James Trevelyan

James Trevelyan. Frozen Lake, 1986. 27 x 20", mixed media on paperThis drawing came up for auction recently.  There are four large Calgary art auctions a year, each with about 600 lots, maybe 400 of which are paintings of the mountains in landscape format, blue skies, sharp shadows on the peaks, snow at the top, usually a river in the foreground.  The views are often recognisable from the road or from hikes radiating out from the old CPR towns - Banff, Lake Louise, Field, Craigellachie, Glacier, Golden and date from the days when artists came from England or Ontario and Québec via the CPR to Banff to paint.  It established a way of looking at the mountains: from a safe distance, from a valley, in the summer.

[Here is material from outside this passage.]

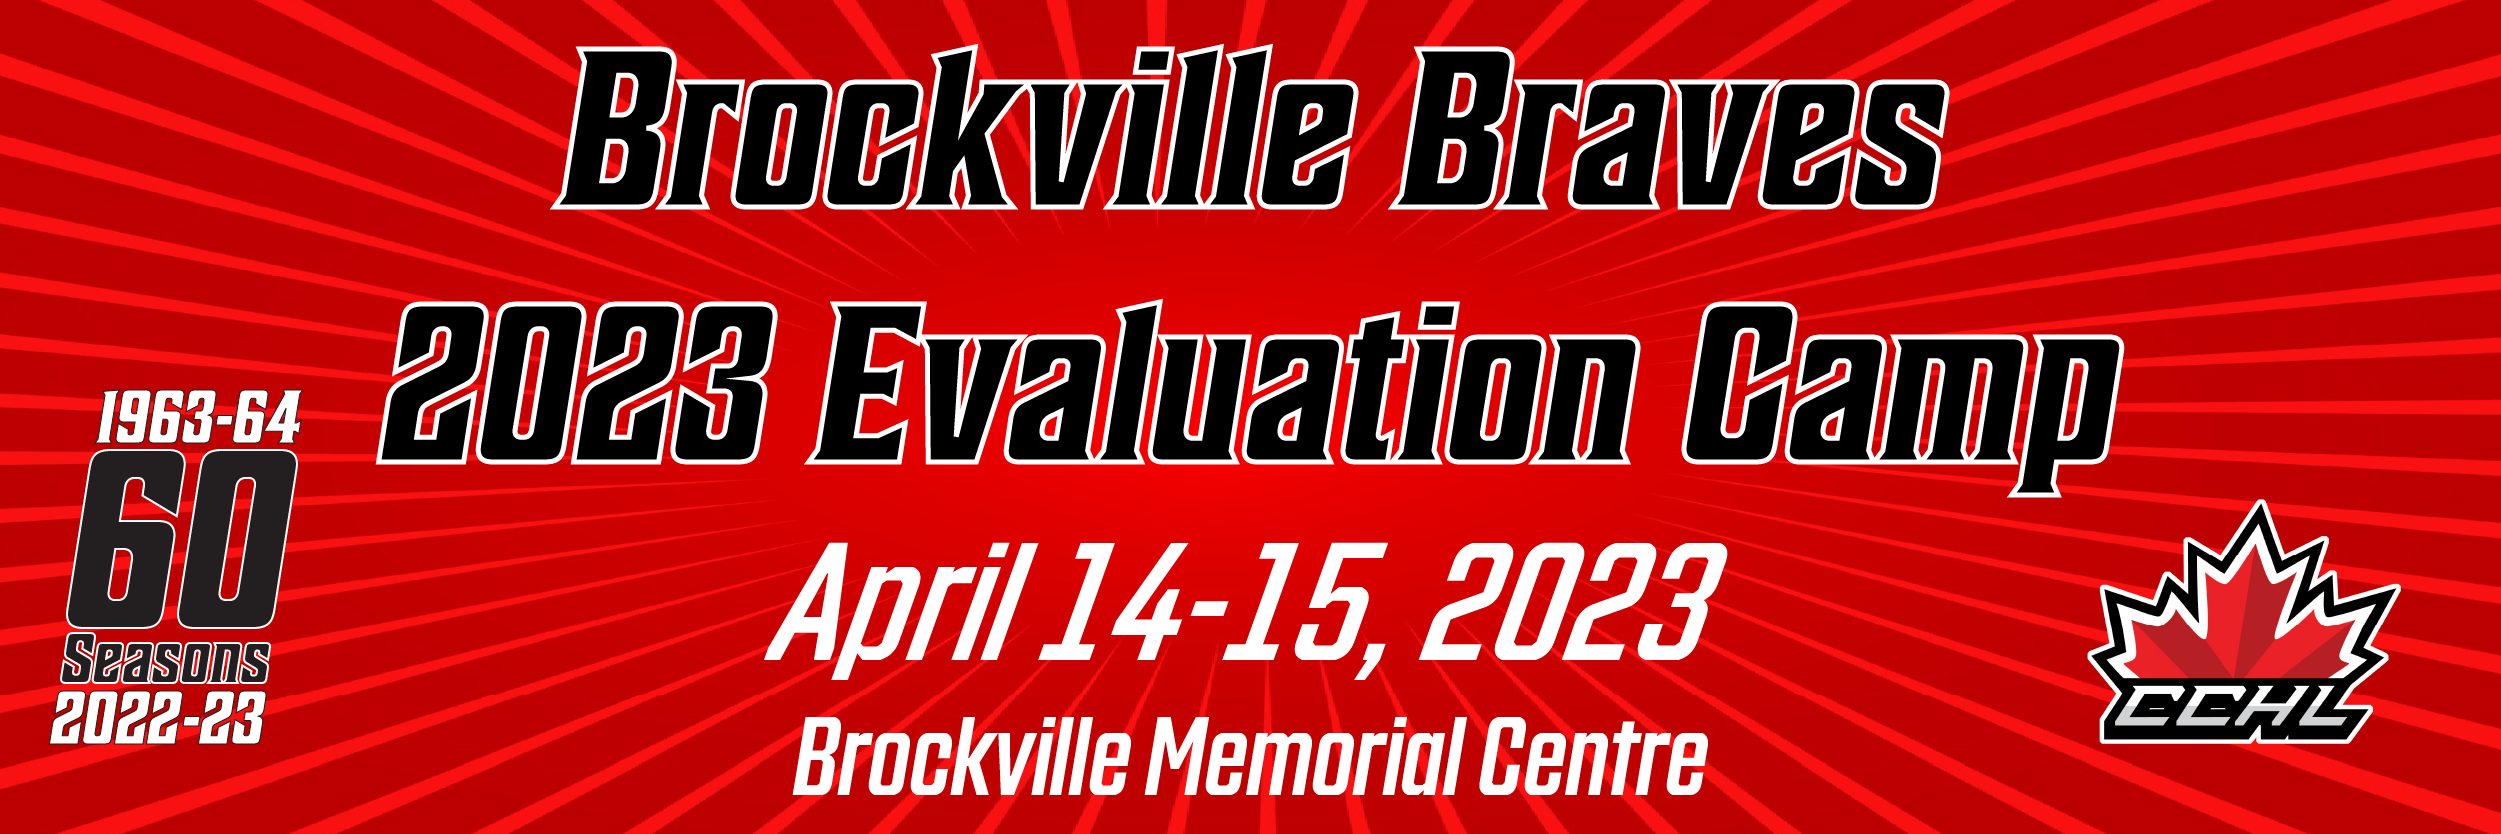 2023 Evaluation Camp - Brockville Braves April 14-15, 2023 - Brockville Memorial Centre

Today these same towns are ski centres, contemporary art has long turned away from landscape painting, and although there are some brilliant abstract painters of landscapes across the prairies, few look at the mountains and it is rare indeed to find much work painted from the depths of winter.  The obvious reason is that it is bloody cold in the winter. 

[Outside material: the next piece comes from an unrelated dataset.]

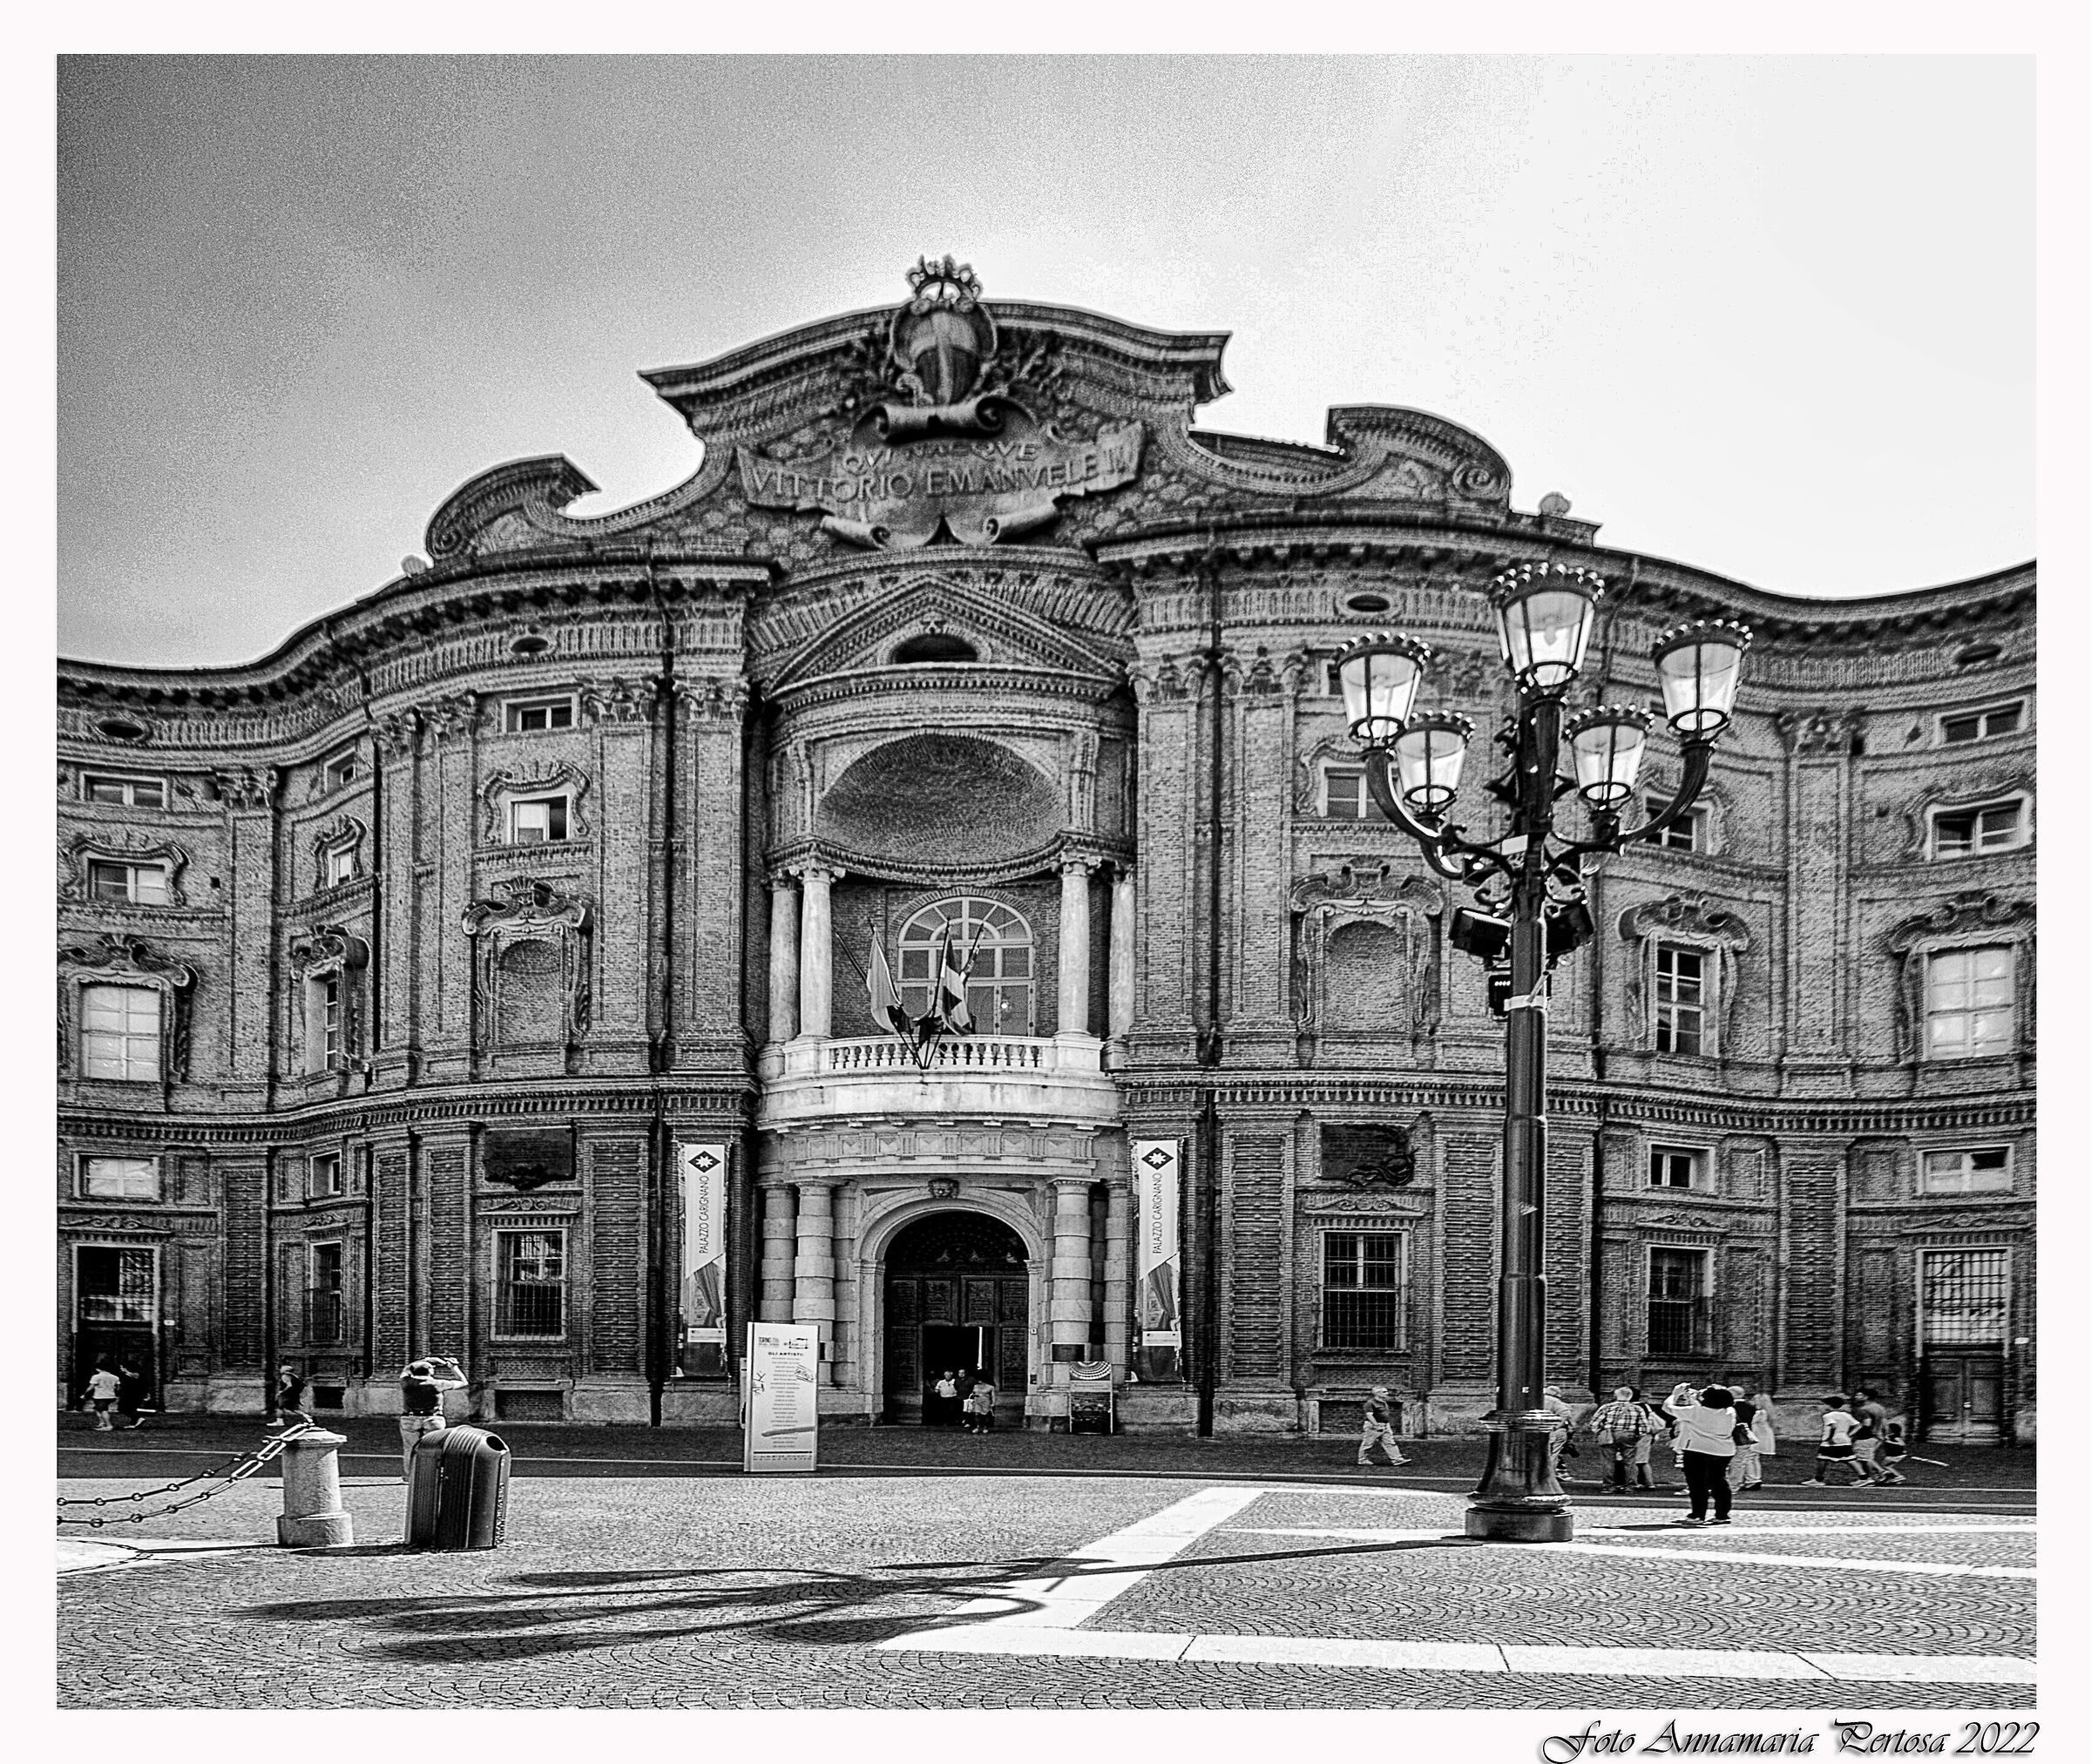 Palazzo Carignano in Turin...

Perhaps a less obvious reason is our fear of winter.  The winter on the prairies and in the mountains is not the cozy Group of Seven kind of winter where snow lies like puffy duvets on everything and shadows are a lovely violet or a deep azure.  This is black and white winter, hard and mean. The frozen lake in James Trevelyan's drawing is scoured clean by a high mountain wind, its ice like basalt.  And yet there is a lovely intimacy in this piece, an ambiguity of surface and light that one never finds in work painted on bright sunny days. 

Like lots of Canadians, lots of Canadian artists go to Mexico for the winter.  I'd take this view of a sere, cold, empty, beautiful winter over the florid landscapes of the south any day.  Visually, I get this climate.